◆ THE PROBLEM: A picture-free, exact reproduction of the listing that follows is required.

-------- RECORDED INFORMATION --------

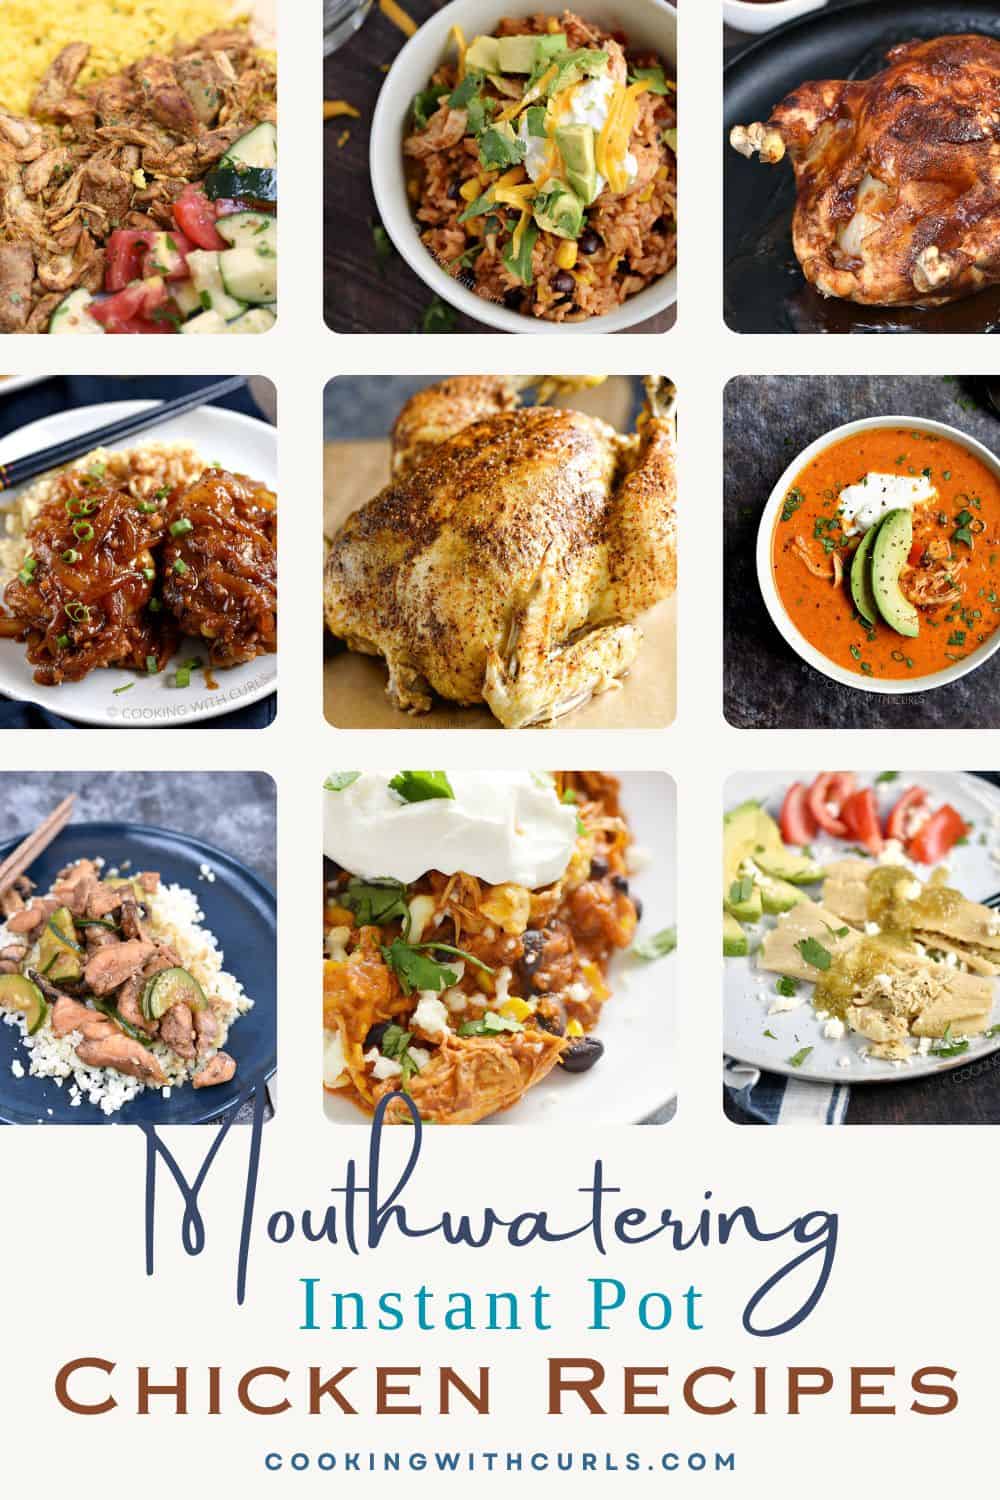 Mouthwatering Instant Pot Chicken Recipes collage with nine images and title graphic across the bottom.
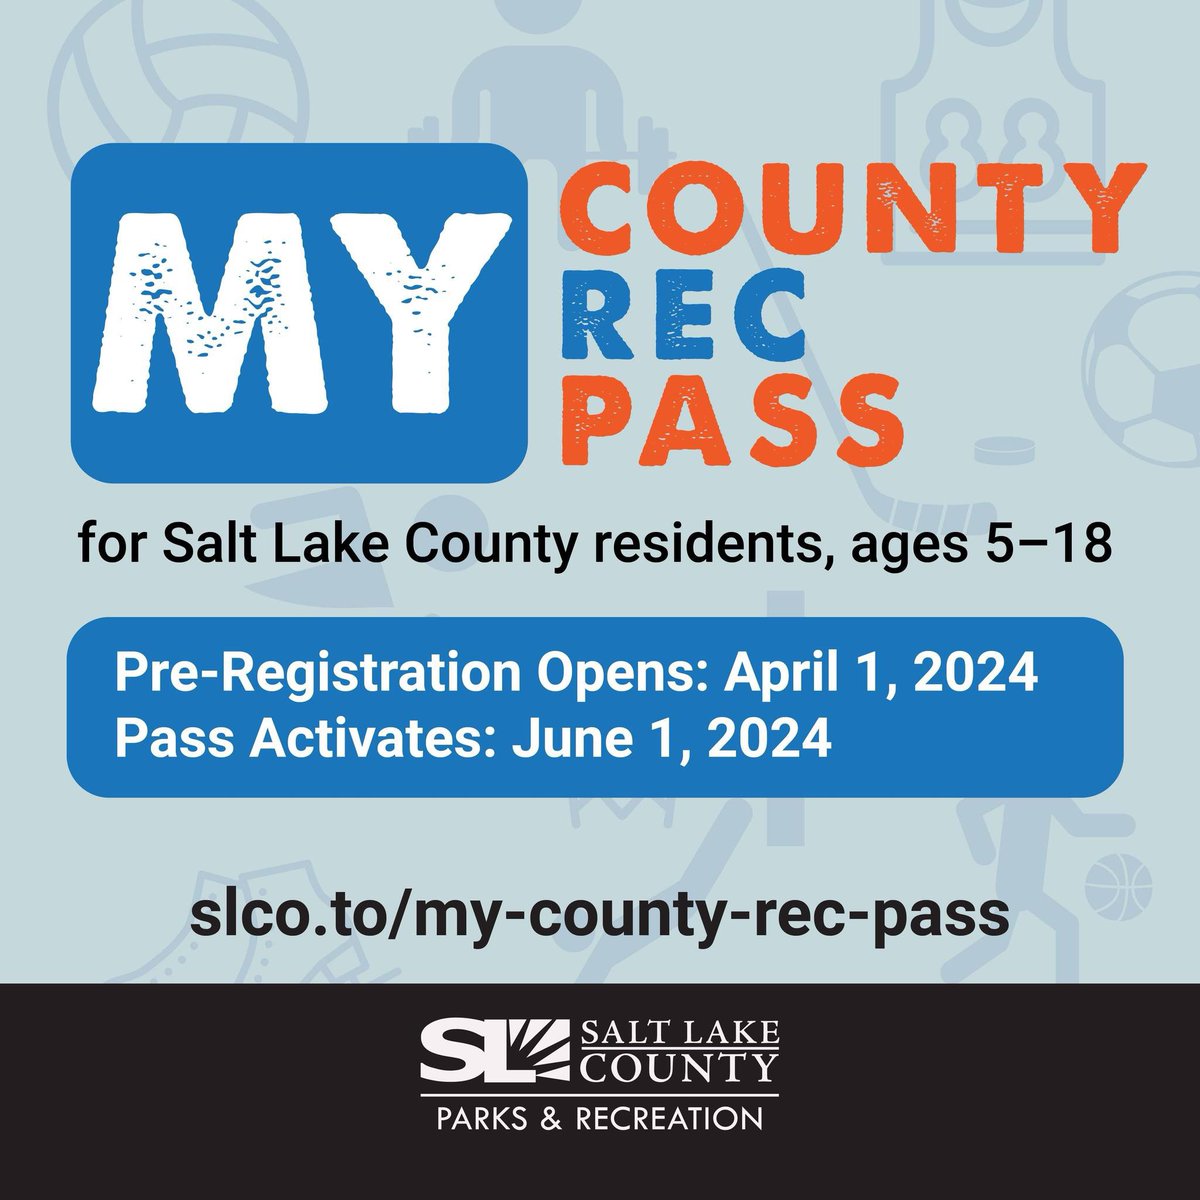 In an effort to help kids in Salt Lake County get off their devices, get more exercise, and connect as a family, we are giving FREE rec center passes to kids ages 5-18. #utpol #slco
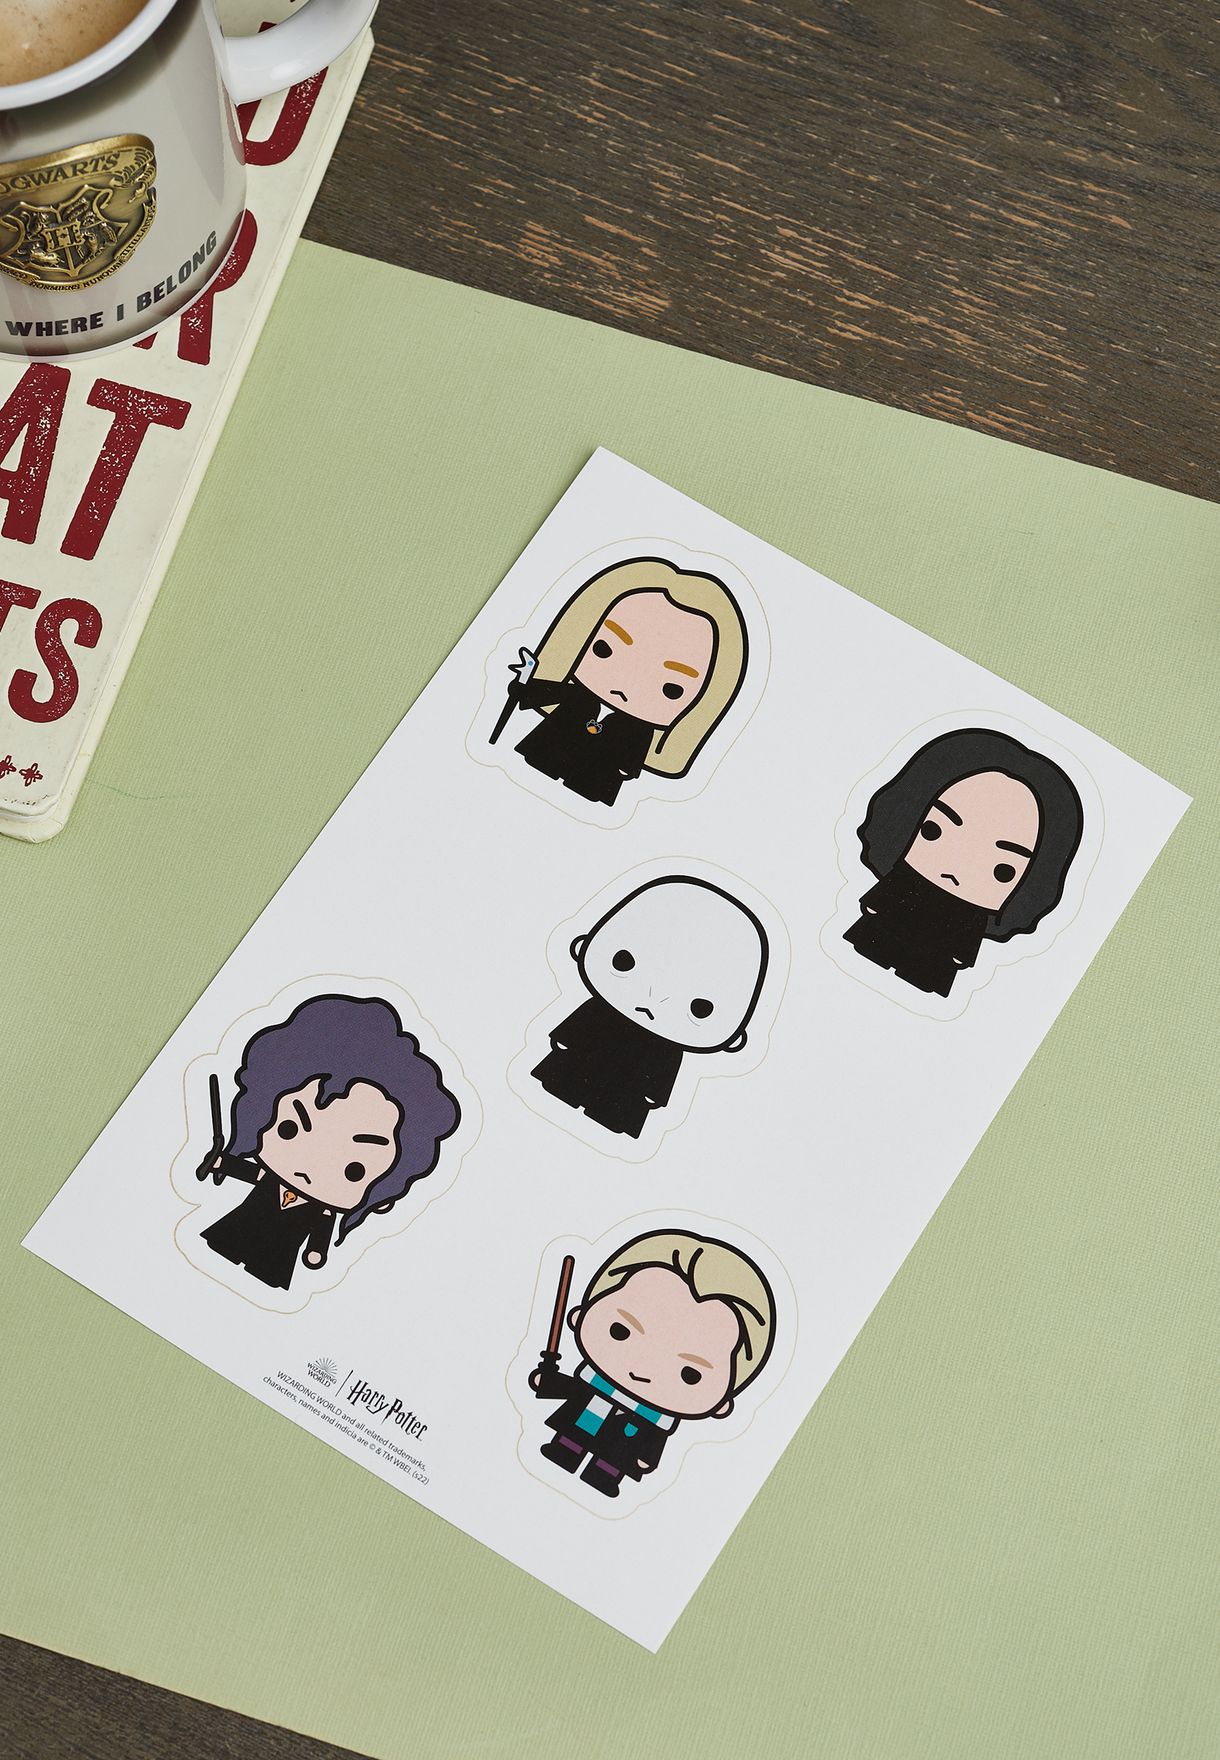 Harry Potter Sticker Sheet - Characters

--------

◆ RESPONSE TO THE EXERCISE:
 Mouthwatering Instant Pot Chicken Recipes collage with nine images and title graphic across the bottom.
 In an effort to help kids in Salt Lake County get off their devices, get more exercise, and connect as a family, we are giving FREE rec center passes to kids ages 5-18. #utpol #slco
 Harry Potter Sticker Sheet - Characters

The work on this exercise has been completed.